Tampaknya ditanggapi dingin oleh Kelompok Kerja (Pokja) Kelurahan Sinar Jaya Jelutung-Matras, sebagai pihak penerima dana kompensasi dari program Sisa Hasil Penambangan (SHP) bijih timah yang beroperasi di perairan setempat.

Diketahui, Baron sendiri merupakan salah satu penambang yang tercatat dalam program SHP yang dikuasai oleh CV ABP.

Hal tersebut dikonfirmasi oleh Kabid Humas Polda Bangka Belitung, Kombes Pol A Maladi, dalam keterangan yang dirilis Jumat (22/7).

“Korban yang merupakan pekerja penyelam TI (Tambang Inkonvensional-pen) selam ponton milik seseorang berinisial AN (Baron), terdaftar di dalam papan laporan hasil harian CV ABP Pokja Sinar Jaya Jelutung-Matras,” ungkap Maladi.

Pihak Polda, lanjut Maladi, telah menyatakan kalau tragedi tersebut terjadi lantaran adanya kelalaian yang melanggar peraturan tentang Keselamatan dan Kesehatan Kerja (K3).

Terjadinya tragedi naas itu pun turut menyita perhatian publik, perihal tanggung jawab moril dari pihak-pihak yang telah mencicipi legitnya uang hasil SHP, yakni panitia Pokja Sinar Jaya Jelutung-Matras maupun CV ABP.

Ketua Karang Taruna Kelurahan Sinar Jaya Jelutung, Rizki, yang disinyalir terlibat dalam Pokja SHP saat dihubungi guna menanyakan pertanggungjawaban moril dari pihak panitia atas insiden tersebut, meminta redaksi untuk menghubungi ketua pokja bersangkutan.

“Langsung konfirmasi ke ketuanya, pak,” kelit Rizky, Jumat (22/7).

Senada dengan Rizky, pemuda Lingkungan Ake Reza, yang juga disinyalir terlibat dalam pokja pun mengarahkan ke orang yang sama, yaitu Rudi, sebagai Ketua Pokja SHP tersebut.

“Yang lebih akurat untuk memberi informasi itu lebih baik langsung ke ketua panitia, pak, bang Rudi. Karena kita kan ada ketua panitia yang lebih berkapasitas,” ucap Reza.
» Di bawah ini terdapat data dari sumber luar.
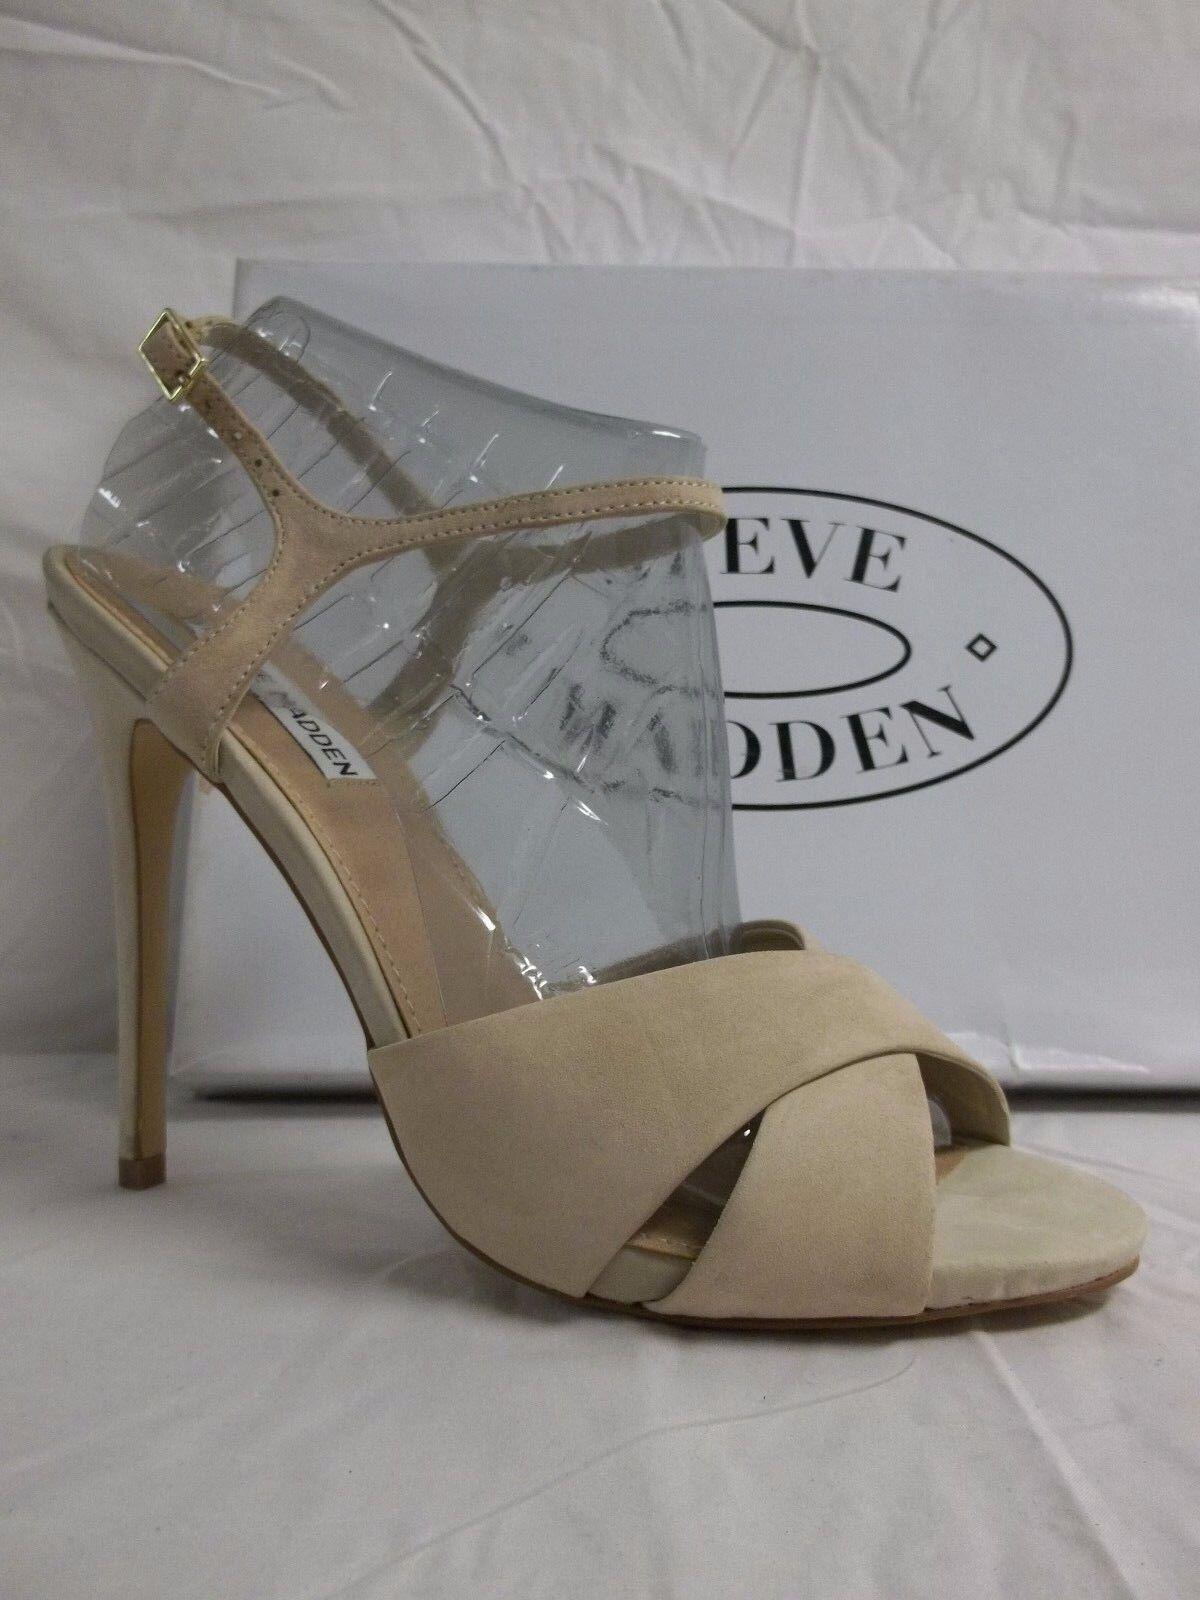 economico e alla moda Steve Madden Dimensione 10 M Make Mee Natural Leather Open Open Open Toe Heels New donna scarpe  marchi di stilisti economici
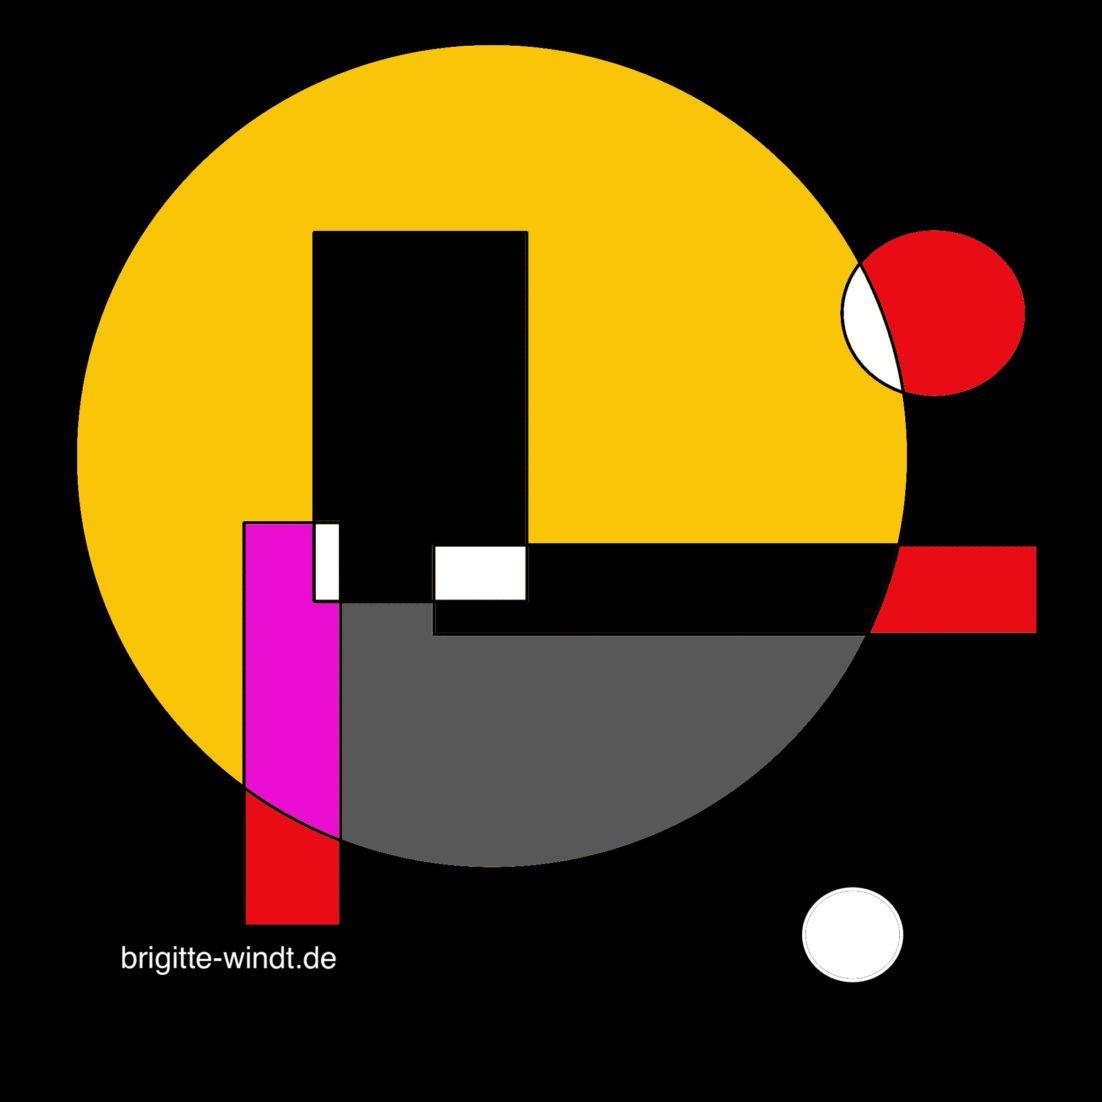 IMPÜLSCHEN Brigitte Windt. Leuchtend farbige geometrische Formen auf schwarzem Grund.

Sedangkan Rudi, saat dihubungi melalui pesan seluler malah meminta redaksi menghubungi pihak Divisi Pengamanan PT Timah Tbk.

“Coba ditanya ke Divpam PT Timah. Saya tidak tahu juga siapa nama komandan itu,” ungkap Rudi.

Sementara, dari pihak CV ABP ketika dihubungi Metro7 untuk menanyakan hal kasus tersebut, juga melemparnya ke pihak Divisi Pengamanan PT Timah Tbk.

“Terkait kejadian tersebut dapat ditanyakan langsung kepada Kabag Pam PT Timah,” ujar Marwan, sebagai salah satu pihak yang berkaitan dengan CV ABP, Minggu (24/7).

Sedangkan ketika Metro7 menjelaskan bahwa pihak redaksi sebelumnya telah mendapatkan keterangan dari pihak PT Timah Tbk, Marwan malah menganjurkan redaksi untuk mengutip hasil wawancara dari pihaknya kepada salah satu wartawan dari media massa yang lain.

Atas pertimbangan kode etik jurnalistik (KEJ), redaksi Metro7 kemudian tidak berkenan untuk menyanggupi permintaan Marwan.

Dikabarkan, hingga saat ini pihak kepolisian sedang berupaya mengusut tragedi kecelakaan tambang yang telah memakan korban jiwa itu.

Meskipun, setelah empat hari pasca kejadian, belum ada pihak yang dinyatakan bertanggung jawab atau ditetapkan bersalah atas insiden tersebut.

Sedangkan Polda Babel mengatakan insiden tersebut bisa terjadi lantaran telah melanggar UU Nomor 1 Tahun 1970 tentang Keselamatan Kerja, UU Nomor 23 Tahun 1992 tentang Kesehatan, dan UU Nomor 13 Tahun 2003 tentang Ketenagakerjaan.

Kapolres Bangka AKBP Indra Kurniawan saat dihubungi pada malam kejadian menegaskan akan mengusut kasus ini sesuai dengan aturan hukum yang berlaku.

“Insya Allah pihak Polri akan memprosesnya sesuai hukum yang berlaku, mas,” tegas Indra.